The focus of the three-day event was clearly on customer relationship management, or CRM, the industry buzzword that apparently is no longer the exclusive domain of consumer marketing. Indeed, more than 25 sessions, presentations and round tables zeroed in on understanding exactly what CRM is for the business-to-business marketer, who does it and why it's the leading topic for so many industry leaders in all sectors, large and small.


Discussing CRM on a worldwide scale, Frederick W. Reid, chief marketing officer for Delta Air Lines, explained to a packed audience how his company's foray into CRM foreshadows the future of airline travel in a global market "where practical issues trump theory each day."

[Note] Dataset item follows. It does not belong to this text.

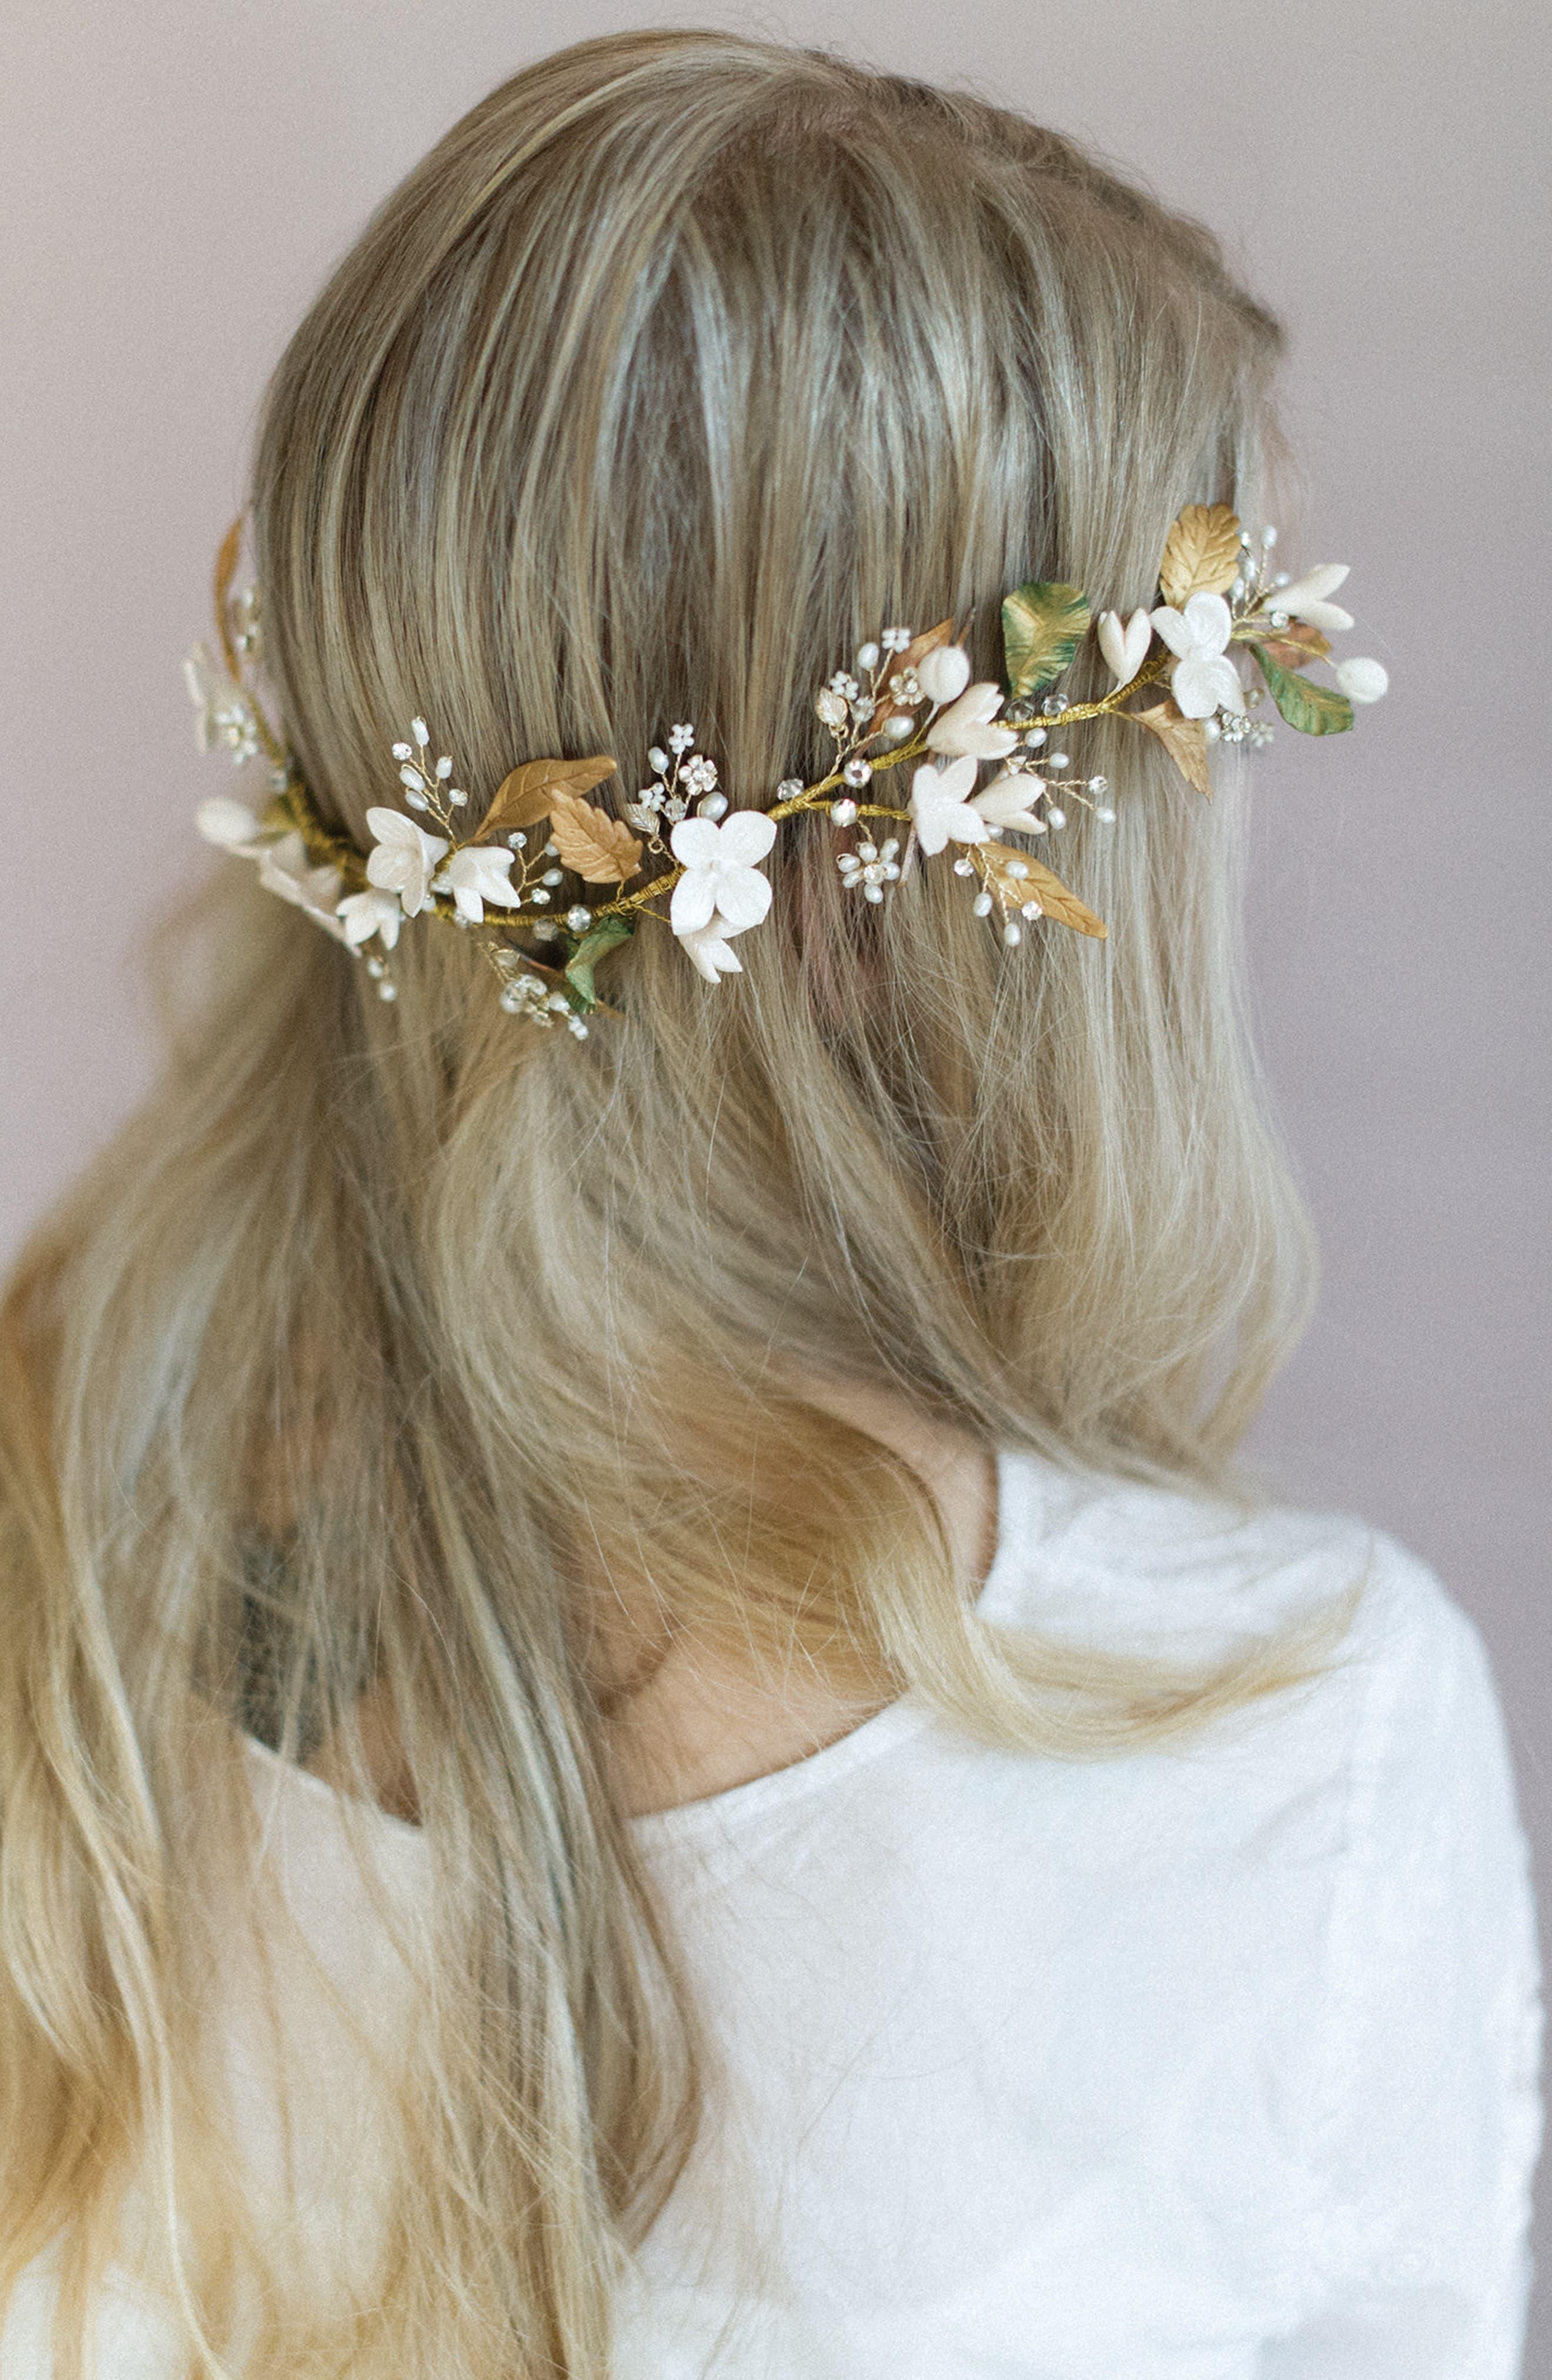 Floral Garden Headpiece,                         Main,                         color, Ivory/Gold

In the exhibit hall, Bert Blevins, president of Janeva Interactive, Las Vegas, a small Web graphics consulting firm, said his business is all about CRM and that his new "satellite" Web site concepts will provide lead generations by category to businesses that are looking to capture new users without incurring prohibitive acquisition costs.


"We're providing front doors for people who talk and speak the language of specific industries -- and we're speaking to them right off the bat, touching their businesses in a way they understand," he said. "That's the whole CRM approach."


Getting customers to the front door -- whether it's a bricks-and-mortar entrance or a unique Web venue -- is only half the battle, Blevins said. The news and information they receive have to move beyond relevance.


"You have to remember, those customers are also looking for an immediate benefit," he said.


Albert M. Nardslico, president of Systems Made Simple Inc., Syracuse, NY, a company that markets eBound, a business management solution characterized as an "e-commerce engine," said 75 percent of his business is delivered via a Web-based platform because it makes the management of the customer's relationship more accessible.


"Talking about CRM mostly comes from our own customers, who want to tighten the bond and relationship with their customers," Nardslico said. "It's something we've been hearing more of the past couple of years. But enhancing relationships is about a number of different things. It's about catering specific products to what you know those customers are interested in."


Sandy Stoker, vice president of information marketing at Dun & Bradstreet, Murray Hill, NJ, said CRM is a real concept, not just fashionable jargon on everyone's lips.


"One of the things it's related to is the increased focus businesses have on driving revenue," Stoker said. "Tools and products that can help drive additional revenue are very important. I would say CRM is the hottest thing right now in this sector. You also have to remember that acquisition costs for reaching new customers are now much higher. But the key is to find ways to maximize your relationships. It's about being proactive with your customers."